- Born: 12 September 1989 (age 36) Uzhhorod, Ukrainian SSR, Soviet Union
- Education: Kyiv National University of Trade and Economics
- Occupations: Journalist, television presenter, media expert, city council member
- Office: Member of Uzhhorod City Council

= Vitalii Hlahola =

Ukrainian journalist, TV presenter and media expert

Vitaliy Glagola (Ukrainian: Віталій Ярославович Глагола; born 12 September 1989) is a Ukrainian journalist, television presenter, and media expert. He has worked for Novyi Kanal and STB and currently runs his own news Telegram channel. Since 2020, he has served as a member of the VIII convocation of the Uzhhorod City Council.

== Early life and education ==

- In 2006, he graduated from the Multidisciplinary Lyceum "Leader" in Uzhhorod.
- In 2015, he earned a degree in Finance and Credit from the Kyiv National University of Trade and Economics.

== Career ==
From 2008 to 2009, Glagola worked as a correspondent and senior editor at the Transcarpathian Regional State Television and Radio Company "Tysa‑1" in Uzhhorod. In 2009–2010, he was a correspondent for Media International Group in Kyiv.
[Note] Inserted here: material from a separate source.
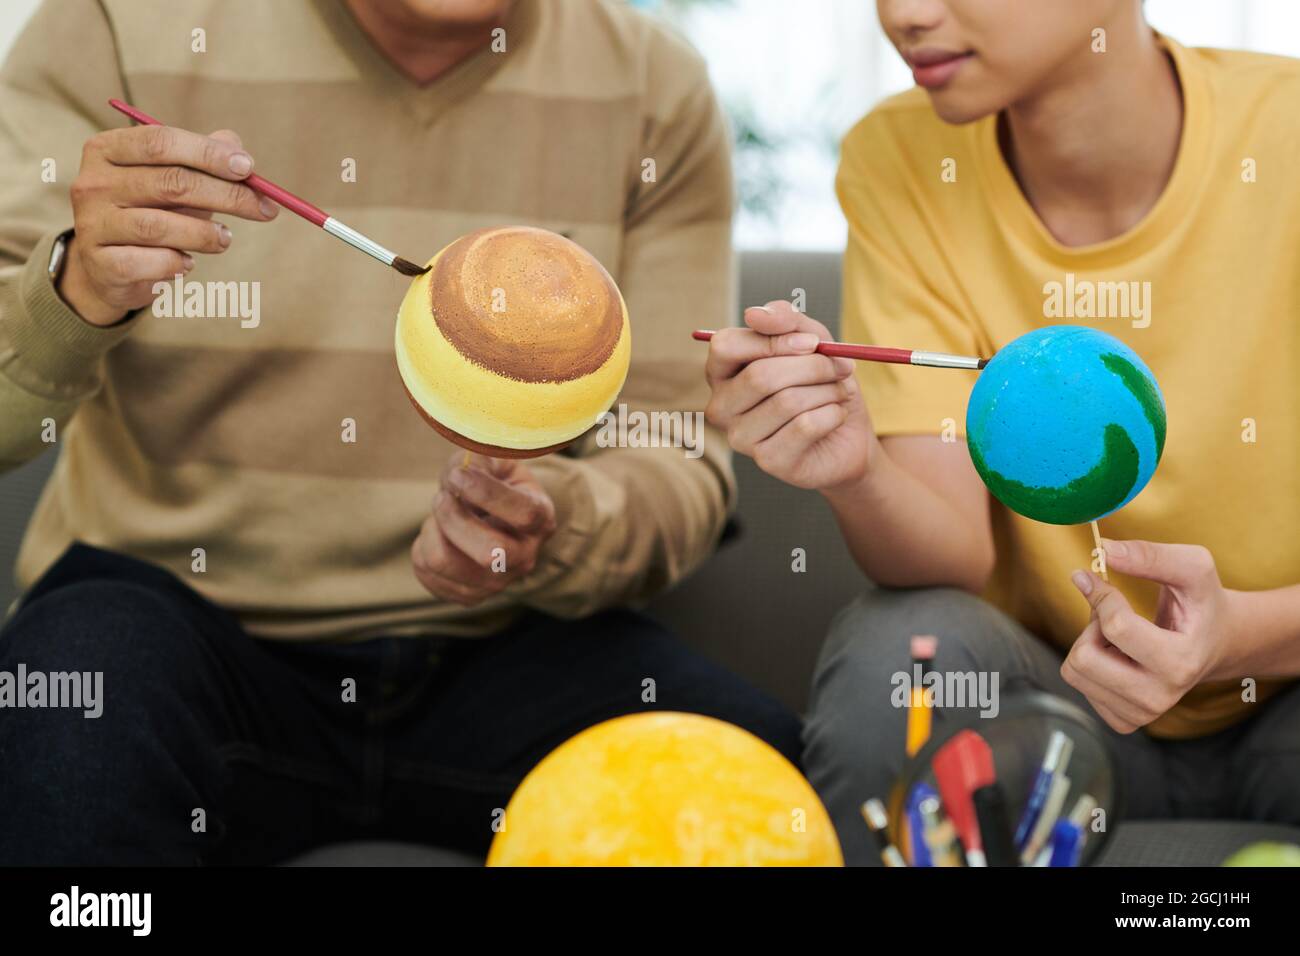 Père et fils peignant des boules en plastique lors de la fabrication du modèle de système solaire pour l'école Banque D'Images

His most significant tenure was at Novyi Kanal in Kyiv from 2010 to 2018, where he served as a correspondent for the program "Reporter" and as a journalist and presenter of "Abzats". In 2018–2019, he worked as a correspondent for the program "Vikna" on STB. He has been featured several times in the "Top 100 Most Influential People of Transcarpathia" ranking by Ungvar.INFO in 2024.
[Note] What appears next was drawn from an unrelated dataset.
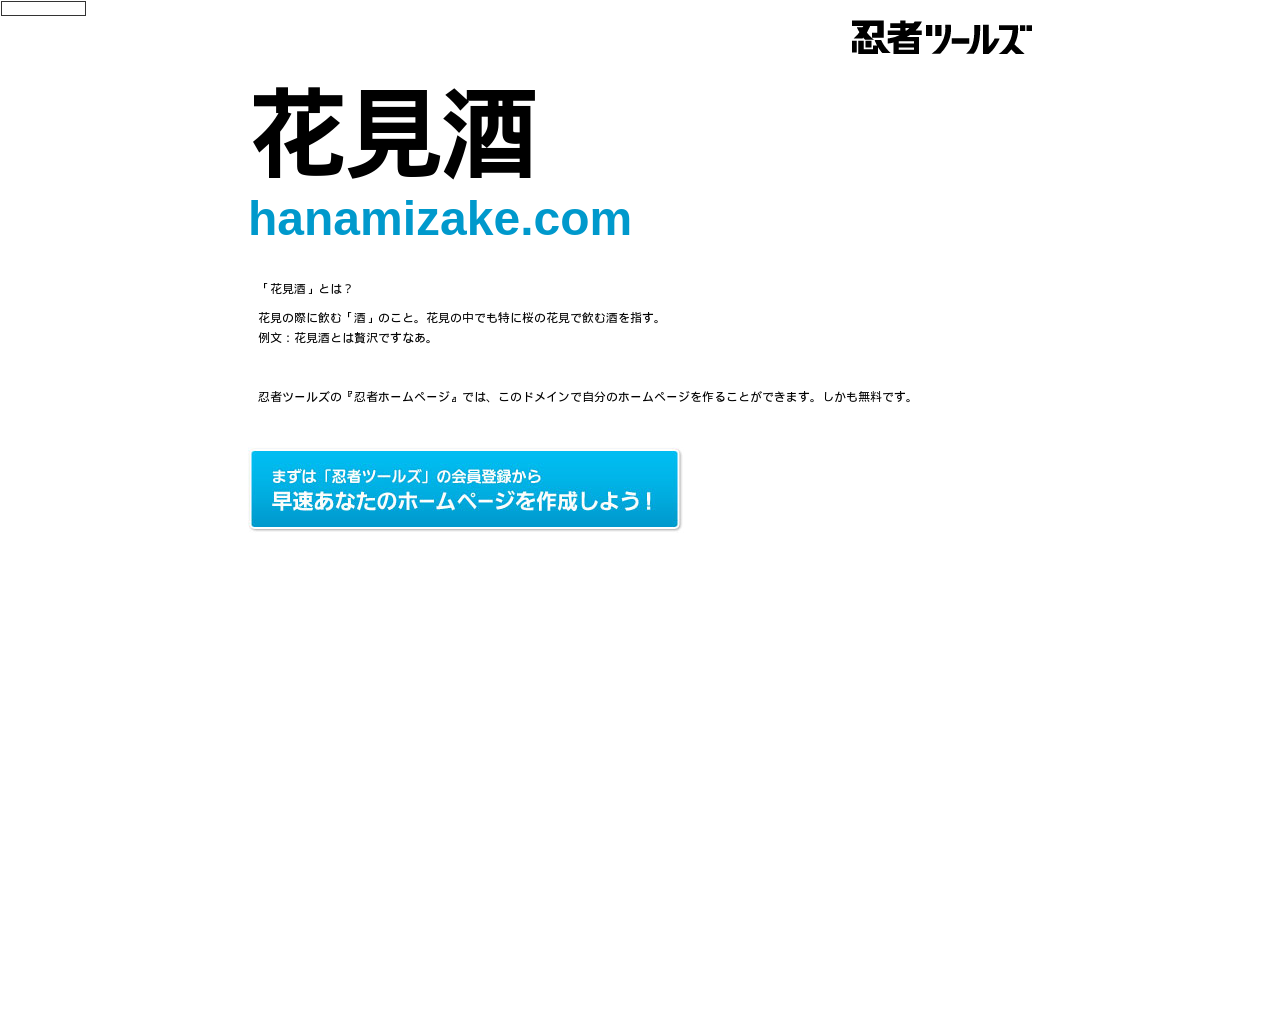 hanamizake.com

Since 2019, he has managed the Telegram channel ‘Vitalii Hlahola (official)’ [@vglagola], one of the most influential regional and national Telegram news sources, focusing on exposing corruption schemes, smuggling, abuses of power, and reporting on emergencies.

== Political career ==
In 2020, Glagola was elected to the VIII convocation of the Uzhhorod City Council representing the party Native Transcarpathia ("Рідне Закарпаття").

== Civic activities ==
Glagola participates in various media forums and conferences, delivering master classes and lectures on journalism and advocating for transparency, objectivity, and media independence.

He is also active in volunteer work with the Serhiy Prytula Foundation's "Infernal Cars" project, delivering over 400 vehicles from Europe to Ukraine for the military.

Glagola regularly covers issues of mobilization, illegal border crossings by conscripts, and the activities of law enforcement, judiciary, and customs, publishing exclusive documents and multimedia materials from his sources.